Jen Mendelsohn, BA’96, remembers the urgency she felt some years ago when her nine-year-old daughter was “just not thriving” at school. Finally, her daughter was diagnosed with dyslexia. “I had no idea what that meant. I very quickly became an expert,” Mendelsohn recalls from her home in New York City.
Jen Mendelsohn smiling with hands on hips
Jen Mendelsohn is the co-founder and chief business officer of Braintrust
“After wasting a lot of time and money, I was able to get my daughter the right help,” she says, by finding a school that specializes in language-based learning issues, and a great tutor, Mara Koffman. The school is small, expensive, and Mendelsohn is keenly aware that many families don’t have the resources she does.
One in five students have learning differences – like dyslexia, dyscalculia, ADHD – and they are underserved, undiagnosed, labelled as poor performers, or just never live up to their potential, Mendelsohn explains. But when they get the right support and make peace with having to work harder, these kids can soar. Think of dyslexics like Steve Jobs or Richard Branson.
Mendelsohn teamed up with Koffmann to start up Braintrust to make it easier for parents to find targeted help for kids who are struggling.
“Braintrust is a marketplace, connecting only certified teachers and specialists with families that need support,” says Mendelsohn, the company’s chief business officer. Braintrust has applied for charitable status so that they can raise money to make it more accessible. “It would be woefully naïve to not recognize that economics are such a bar to entry.”
Braintrust is set up so that parents can see clearly how their child’s skills are improving or lagging (and what’s being done to help). The teachers set their own rates, netting 90 per cent of the fee. “We want the teacher to be vested with us, and empowered,” Mendelsohn says.
Because the tutoring is virtual and teachers could be living anywhere, the fees aren’t always NYC high. “I have people with a PhD in special ed and they’re $30 an hour,” Mendelsohn says.
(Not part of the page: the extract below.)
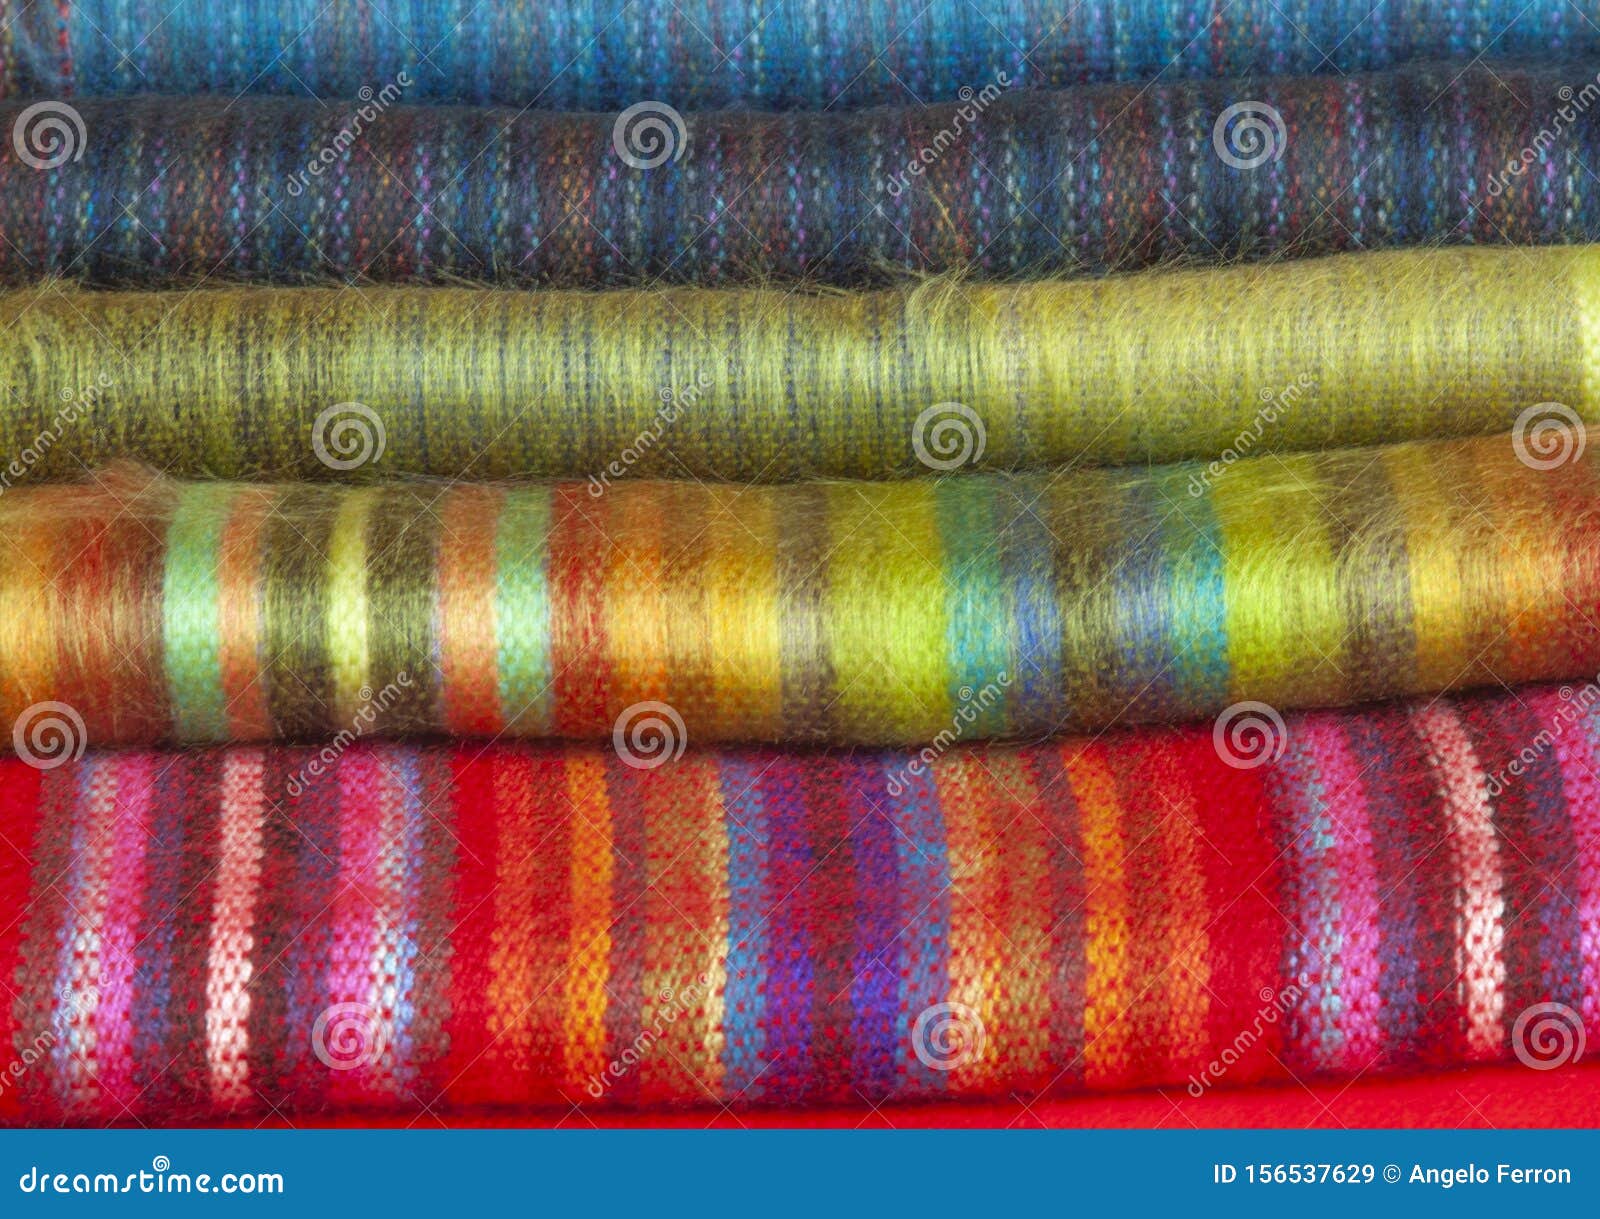 Material Display in Colored and Woven Alpaca Alpaca Fabric Stock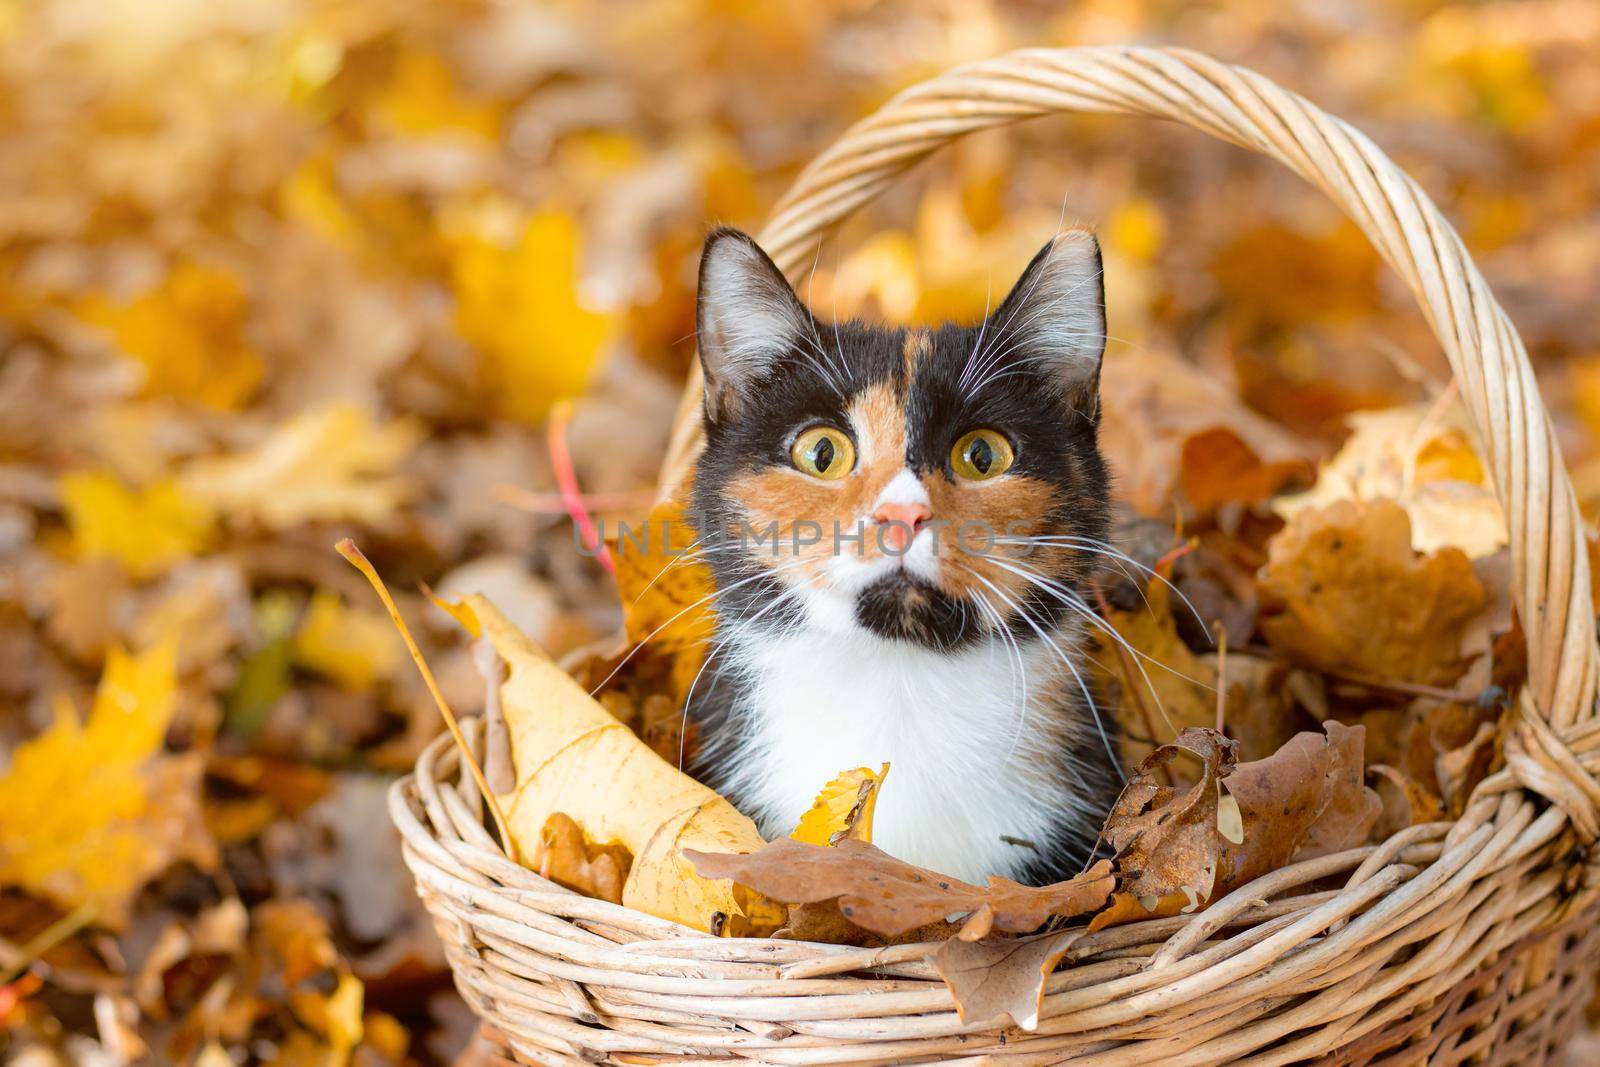 Cat in the basket. Cat sitting in a basket and autumn leaves . A young colored cat. Autumn leave. Cat in the basket. Walking a pet. Article about cats and autumn. Yellow fallen leaves. Photos for printed products by alenka2194

“We’re like Uber,” she further explains. “We are giving you a great platform. You can get a Corolla or you can get the Escalade. You’re still going to get from A to B, you decide which you want.”
For now, Braintrust operates only within the U.S., but the company has “an eye towards expansion abroad,” according to Mendelsohn. After just a year in business, Braintrust has enabled 3,000 sessions with more than 150 students.
And, Mendelsohn proudly notes, “The students coming to our site are sticking to our site. They’re not leaving.”